Christophe Bancel, CEO

In addition, Setalum is designed to be easy to use for surgeons without specialized training. The glue comes with a device to apply it on the tissue and a fully automated light pen that exposes the polymer to the exact amount of light it needs.

With its first product approved, Gecko Biomedical is now working on manufacturing and looking for a commercialization partner. Bancel anticipates Setalum will be available in late 2018 or early 2019, as well as an IDE application to the FDA for its approval in the US at the end of 2018.

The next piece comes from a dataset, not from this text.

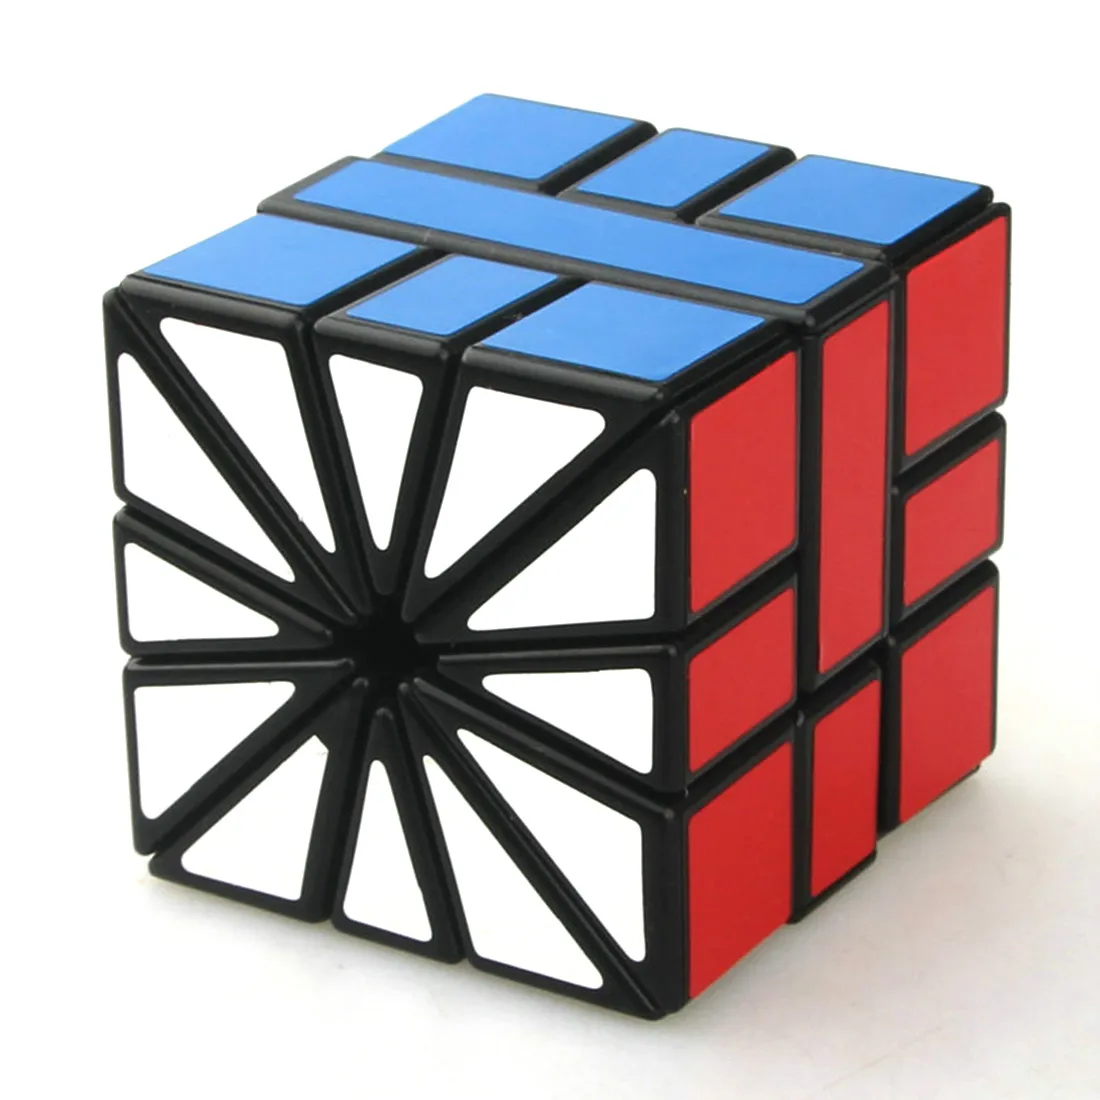 

CubeTwist Strange Shape Cube Black White Square II SQ2 3x3x3 Speed Cube Sector Magic Cube Puzzle Toy Games and Puzzles

Meanwhile, the company is already working on new products and applications. Setalum is just the first of several bio-inspired products that Gecko Biomedical is working on through its platform. “We’re now doing some work in orthopedic, dental and ophthalmology applications,” says Bancel. “The same family of polymers can be used as adhesive, carrier, scaffold, or even as a filler, depending on what you want. This is just the beginning.